Actually I expected with FAT32’s 4GB limit I should have ended up with a mass of 4GB files but for some reason Helix defaulted to 2GB file sizes. Not sure if it is Helix’s behaviour to default to 2GB file segments regardless of whether the destination drive is FAT16 or FAT32 or I didn’t choose the correct options before acquiring the drive but there you have it. Rather than reimaging I decided to try ‘Poorcase’ to reconstruct the image. 

Directory Listing of split image files.

Poorcase is a Perl script that virtually reconstructs split dd disk images. It only works under the Linux operating system and for my little test I used the lastest Ubuntu 10.04 Lucid Lynx. The Poorcase Perl script worked out of the bag. I didn’t need to install any dependencies. You do however need to ensure you have enough loopback devices configured – one per file ‘segment’. I had 28 files so I needed 28 loopback devices. There’s a sample bash FOR loop in the poorcase documentation that explains how to do this quickly either using MAKEDEV or mknod. In my case I used mknod as follows to create 50 loopback devices: 

# for foo in `seq 0 50`; do mknod /dev/loop$foo b 7 $foo;done

 

Configuring additional loopback devices.

Having configured the additional loop back devices we can now run the Poorcase perl script. The following options are described in the README: 

–build (stitch the image together) 

–name ( name of the resulting image file) 

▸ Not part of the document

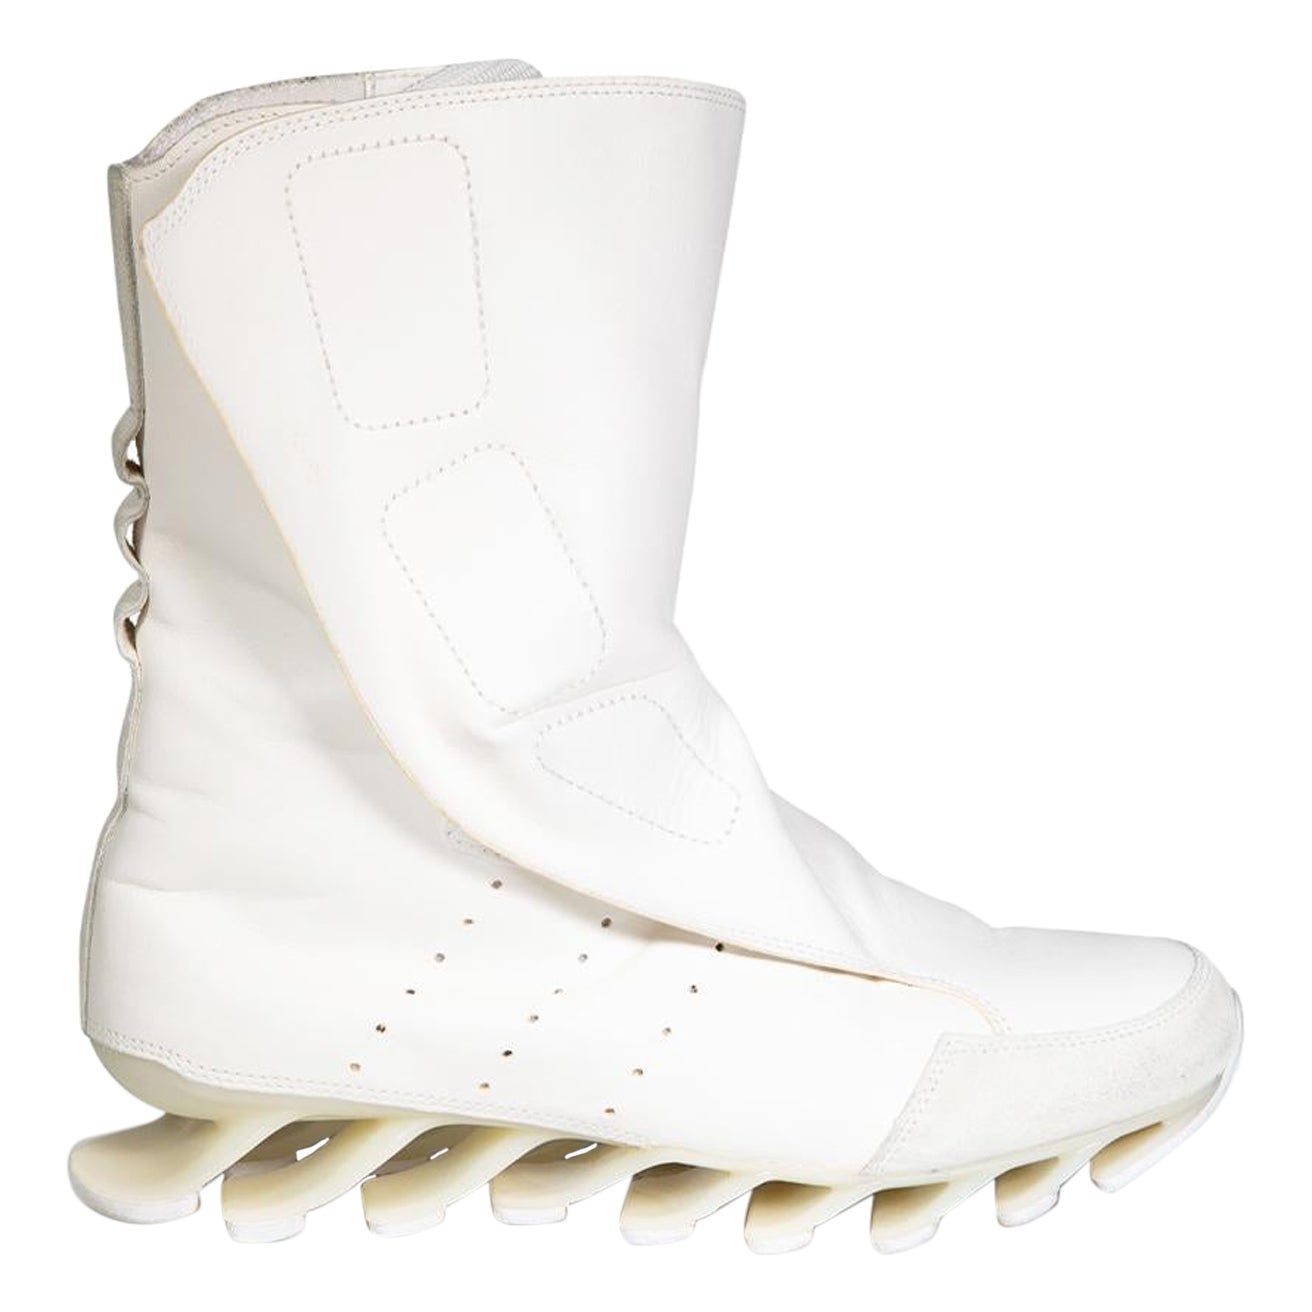 Rick Owens Adidas x Rick Owens White Leather Springblade Boots Size UK 6 For Sale

By default the new image is built in Read Only mode. However it is possible to build in Read Write mode by explicitly adding the ‘-o rw’ switch.

# perl poorcase_1.1.pl –build –name windows-xp-sp0.img /media/NTFS_/windows-xp-sp0.0*

 

Running Poorcase perl script.

The next screenshot shows the script finalising. 

Poorcase perl script completes.

Subsequently three files are created in the /dev/mapper folder as shown in the next screenshot.

Contents of /dev/mapper folder.

I tried mounting the windows-xp-sp0.img file but no luck. I got the error message below.

# mount -o ro /dev/mapper/windows-xp-sp0.img /media/windows
mount: /dev/mapper/windows-xp-sp0.img already mounted or /media/windows busy
#

Error mounting .img file.

After some time fiddling I decided to try and mount the second .img1 file and bingo it seemed to mount ok.  

Successfully mounting .img1 file.

A directory listing of the mount point for the .img1 file showed the Windows image had indeed sccessfully mounted. 

Mounted Windows Image.

There are obviously easier ways to mount split image files but I wanted to understand how Poorcase works. The Poorcase project page is here.